Results of the "Can you tell which images are AI generated?" survey

@popcar2@programming.dev · edit-2 9 months ago

Results of the "Can you tell which images are AI generated?" survey

@Hamartiogonic@sopuli.xyz · 9 months ago

If you look at the ratios of each picture, you’ll notice that there are roughly two categories: hard and easy pictures. Based on information like this, OP could fine tune a more comprehensive questionnaire to include some photos that are clearly in between. I think it would be interesting to use this data to figure out what could make a picture easy or hard to identify correctly.

My guess is that a picture is easy if it has fingers or logical structures such as text, railways, buildings etc. while illustrations and drawings could be harder to identify correctly. Also, some natural structures such as coral, leaves and rocks could be difficult to identify correctly. When an AI makes mistakes in those areas, humans won’t notice them very easily.

The number of easy and hard pictures was roughly equal, which brings the mean and median values close to 10/20. If you want to bring that value up or down, just change the number of hard to identify pictures.

pewter · 9 months ago

The number of easy and hard pictures was roughly equal, which brings the mean and median values close to 10/20.

This is true if “hard” means “it’s trying to get you to make the wrong answer” as opposed to “it’s so hard to tell, so I’m just going to guess.”

@Hamartiogonic@sopuli.xyz · 9 months ago

That’s a very important distinction. Hard wasn’t the clearest word for that use. I guess I should have called it something else such as deceptive or misleading. The idea is that some pictures got a below 50% ratio, which means that people were really bad at categorizing them correctly.
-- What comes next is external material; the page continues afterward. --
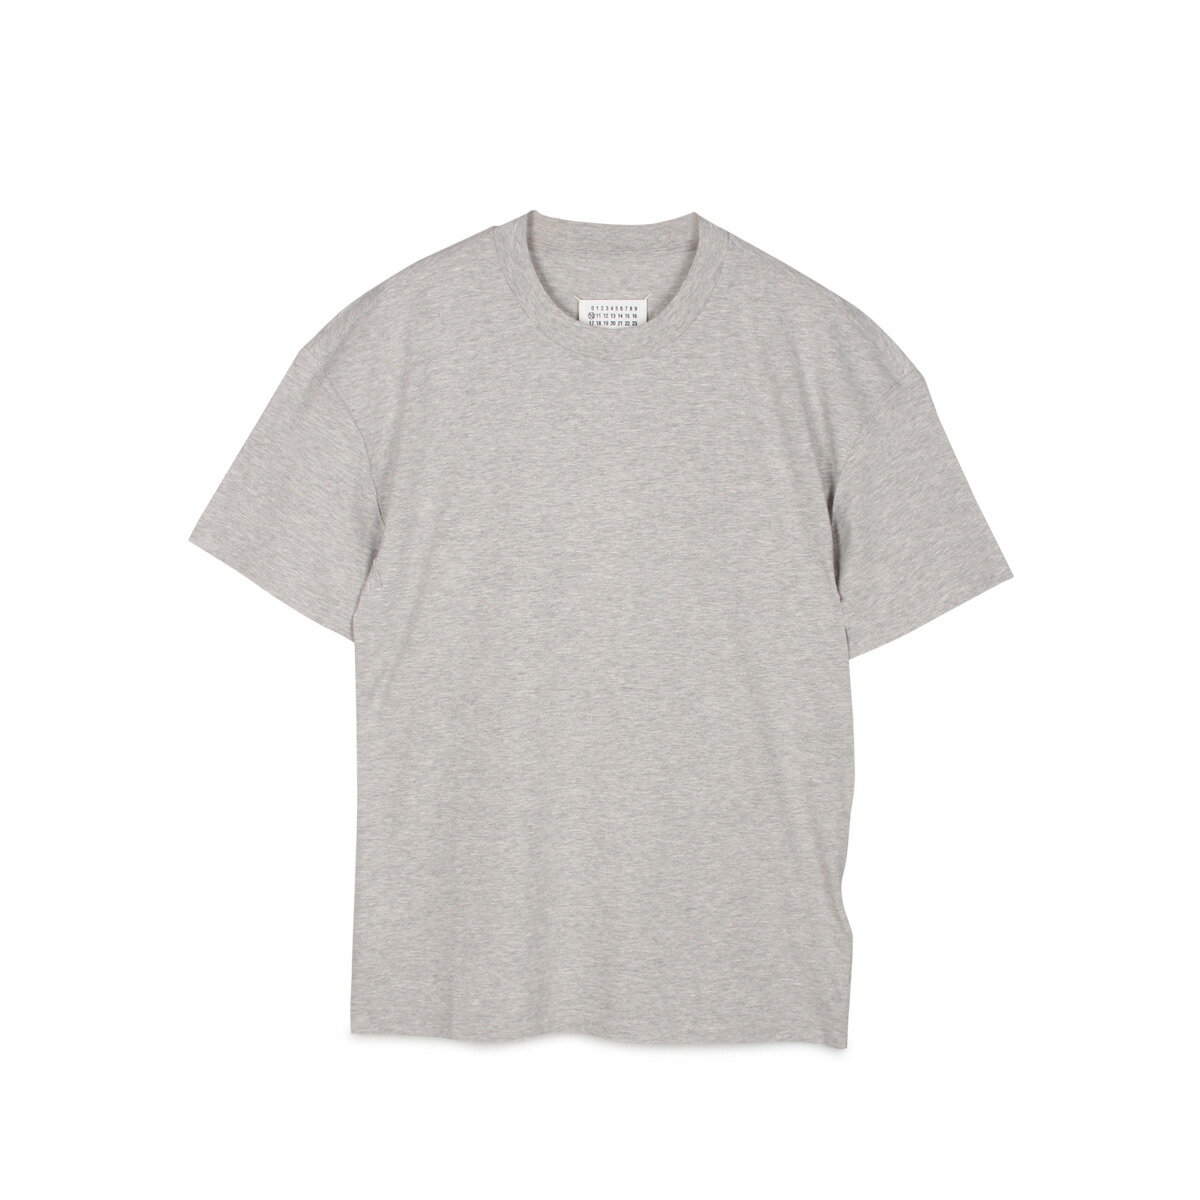 MAISON MARGIELA T SHIRT メゾンマルジェラ Tシャツ 半袖 メンズ グレー S50GC0600-856M

There were surprisingly few pictures that were close to 50%. Maybe it’s difficult to find pictures that make everyone guess randomly. There are always a few people who know what they’re doing because they generate pictures like this on a weekly basis. The answers will push that ratio higher.

pewter · edit-2 9 months ago

A great example of the below 50% situation is the picture of the avocado and the tomato. I was confident that that was AI generated because I was pretty sure I’d seen that specific picture used as an example of how good Dall-E 3 was at normal text. However, most people who had used other models were probably used to butchered text and expected that one to be real.

If they did this quiz again with only pictures that were sketches, I bet the standard deviation would be much smaller.